モンスターの出現がランダムなので、目的のモンスターと戦うためにはエリア移動してロードを繰り返すか、それほど入手頻度が多くない消費アイテム「特殊痕跡」を使わなければならない。
といった感じでとにもかくにも時間がかかってしょうがない上に、そもそもこのシステムの必然性があまり感じられません。おそらくマルチプレイでの協力を意図して作られたモードなんだと思いますが、現状ではあまりに遊びにくいので過疎になっています。
従来の「クエストを受注してモンスターを倒して素材を集める」というプレイの流れに、レベリング要素とランダム要素を加えて、ただ複雑にしたようにしか見えない。単なる遠回り。でもより強力な装備を得るためにはプレイが必須になっている。
また「導きの地」ではモンスターが通常のフィールドよりも多くの素材を「落とし物」として地面に落とすので、プレイヤーであるハンターはこれを拾い集める必要があります。
1回ごとに「よっこいしょ」というモーションが挟まります。
多いときには1度に3つの落とし物を落とすので、それを3回拾わなければなりません。
もはや自分がプレイしているゲームが「モンスターハンター」なのか「落とし物拾い人」なのかよくわからなくなってきます。
ある時期からモンハンシリーズは明確に「エンドコンテンツ」の要素をゲームに導入するようになりました。
それが面白いときもあればイマイチなときもありました。
個人的な感想として導きの地は、シリーズで最も評価が低かったMH4Gの「極限状態モンスター」と並ぶくらい良くないものだと感じました。
まとめ
アイスボーンの新システムを虚心に解釈すると、製作陣はモンハンプレイヤーのことを「プレイ時間が伸びて面倒なことが増えるほど喜ぶ人たち」だと考えているように見受けられてしまいます。
あるいは制作期間や予算が足りなかったためそれらの要素で水増しするしか無かった、というのは穿ち過ぎでしょうか。
これは完全な妄想ですが、現在Nintendo Switch版のモンハンを開発中で、そのためにアイスボーンにリソースを避けなかった、というような理由であればまだ納得できます。
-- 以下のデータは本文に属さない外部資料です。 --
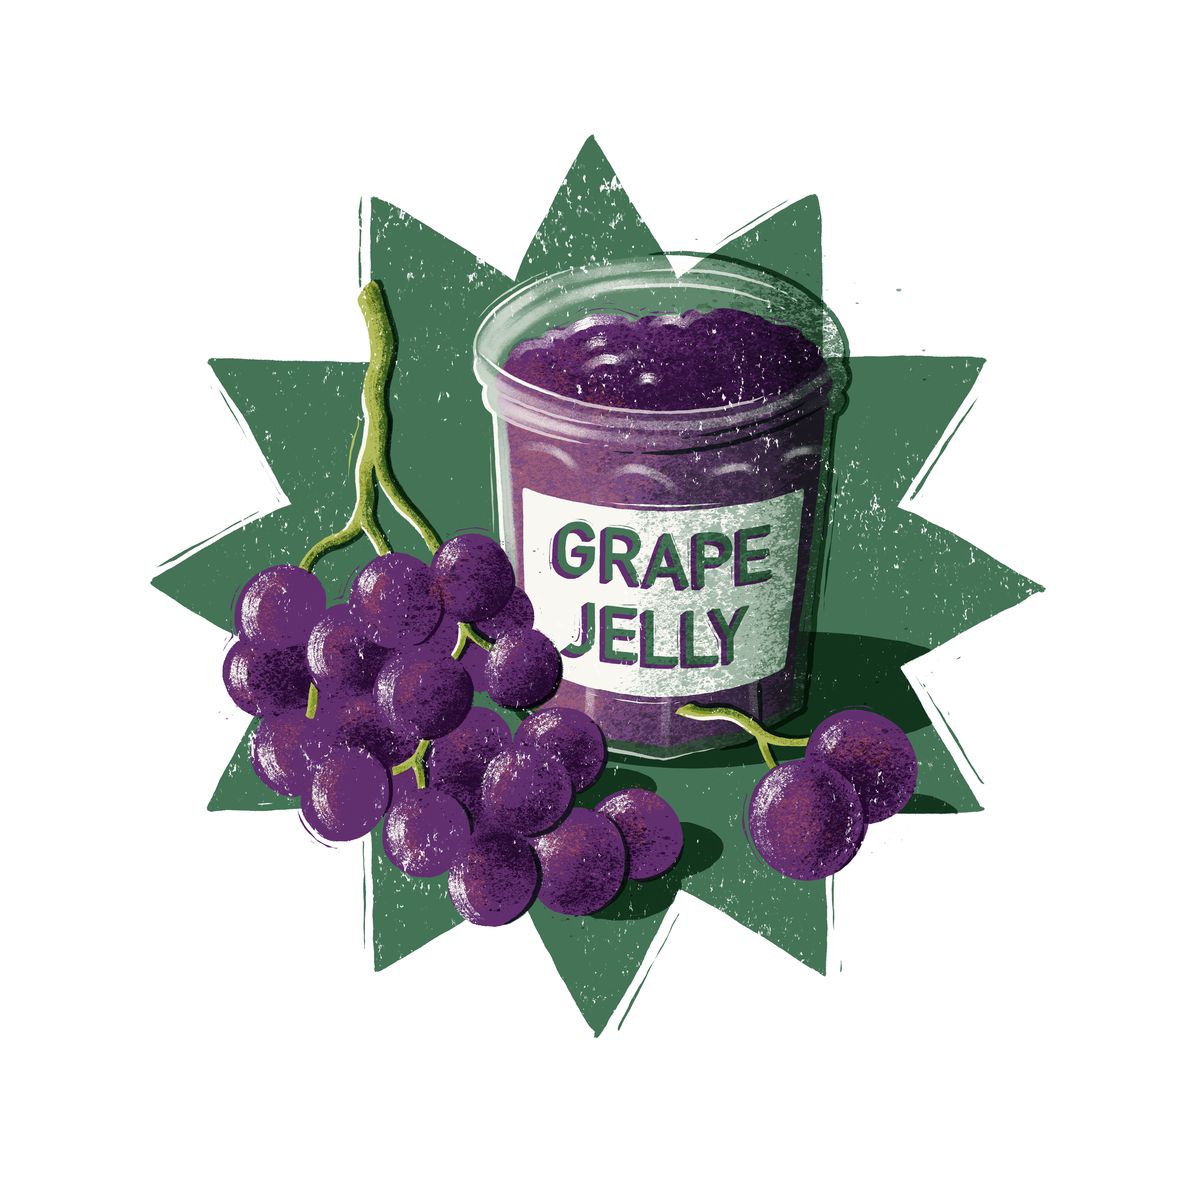 An illustration of grape jelly next to a bunch of grapes.

むしろそうであって欲しい。
モンスターが強すぎて面白くない、という意見も見受けられますが、これに関しては個人の主観が絡むので判断がやや難しいところ。
自分は長年のモンハンプレイヤーなので、まだ出会えていない終盤のモンスター(高レベルの瘴気地帯と溶岩地帯のみに出てくる個体)以外はソロプレイで討伐できていますが、せっかく前作ワールドで広げたライト層や海外プレイヤーといった層をふるい落としかねない難易度にはなってしまっているかもしれません。
冒頭にも書いたとおり、アイスボーンには良いところもちゃんとあります。
過去作のモンスターが多数復活したのは嬉しかったし、初めて渡りの凍て地に足を踏み入れたときはこれまでの新作と同じようにワクワクしました。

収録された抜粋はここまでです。